B) If I go with SARS-CoV-2 variant of interest (i.e. alpha, beta, gemma, delta, and omicron), then this is the list I found: https://www.ncbi.nlm.nih.gov/labs/virus/vssi/#/virus?SeqType_s=Nucleotide&VirusLineage_ss=Severe%20acute%20respiratory%20syndrome%20coronavirus%202,%20taxid:2697049&ProtNames_ss=surface%20glycoprotein&Completeness_s=complete&QualNum_i=0&Lineage_s=B.1.351
The problem with this is that none of them has complete genome assembly.
Please let me know which approach is more logical to take, thanks.
@JingyueWu yes - remember how we only really have one complete genome assembly for SARS-Cov-2 (wuhun) - and this is why we wanted to genreate more genome assemblies? If you can find them, then great, but if you can't then we need to start with SRA data (ngsQC - fastq files). I will take a look today, as I think your search approach can be adjusted. For now, please don't mention this in the Dev meeting. We can tell them that we are still compiling the list and I need to confirm the entries first. We should send the list out to them by tomorrow + load them into HIVE 3 and share the object IDs with Vahan.

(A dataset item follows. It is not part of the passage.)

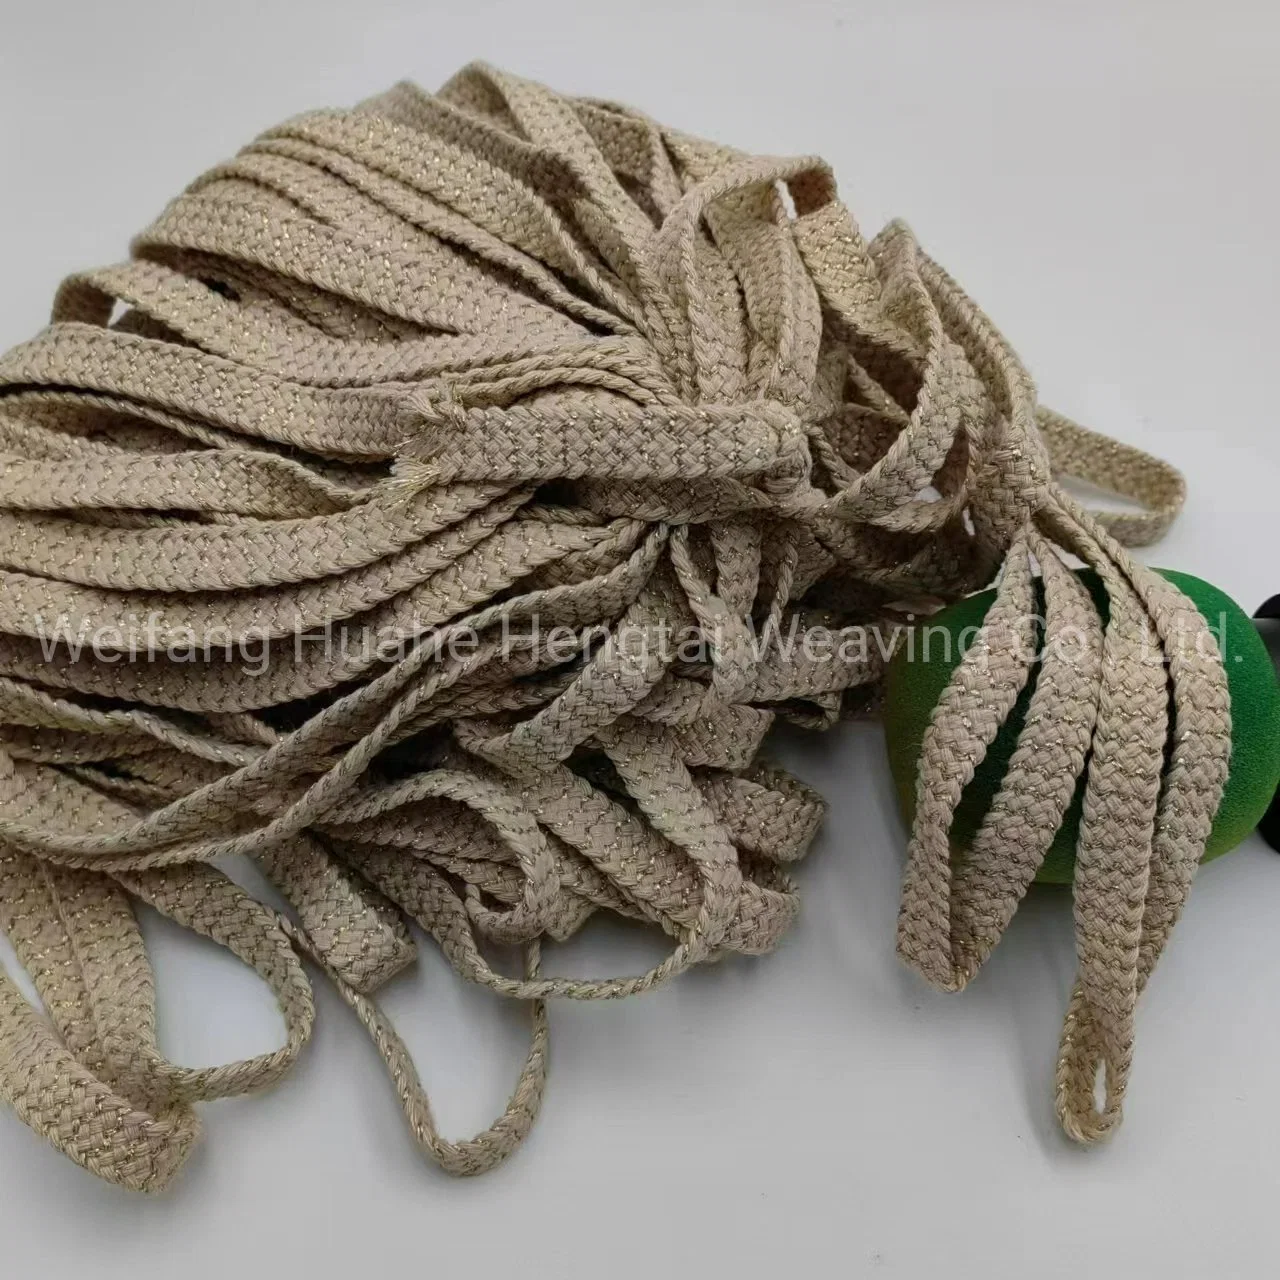 Chinese Gold Webbing Decorative Strip Clothing Accessories in Stock

assigning the ticket to myself, and giving corrective feedback via email.
completed by @penningtonea and @steph-sing - noted in GW Prod server
(Requested by Vahan for analysis in HIVE)
Collect a list of complete genome assembly (i.e. SARS-CoV-2 variant of concern such as alpha, beta, Gemma, delta, omicron) and their corresponding SRR accession ID's (no more than 20). Email Stephanie the list once done by the end of Friday (2/3).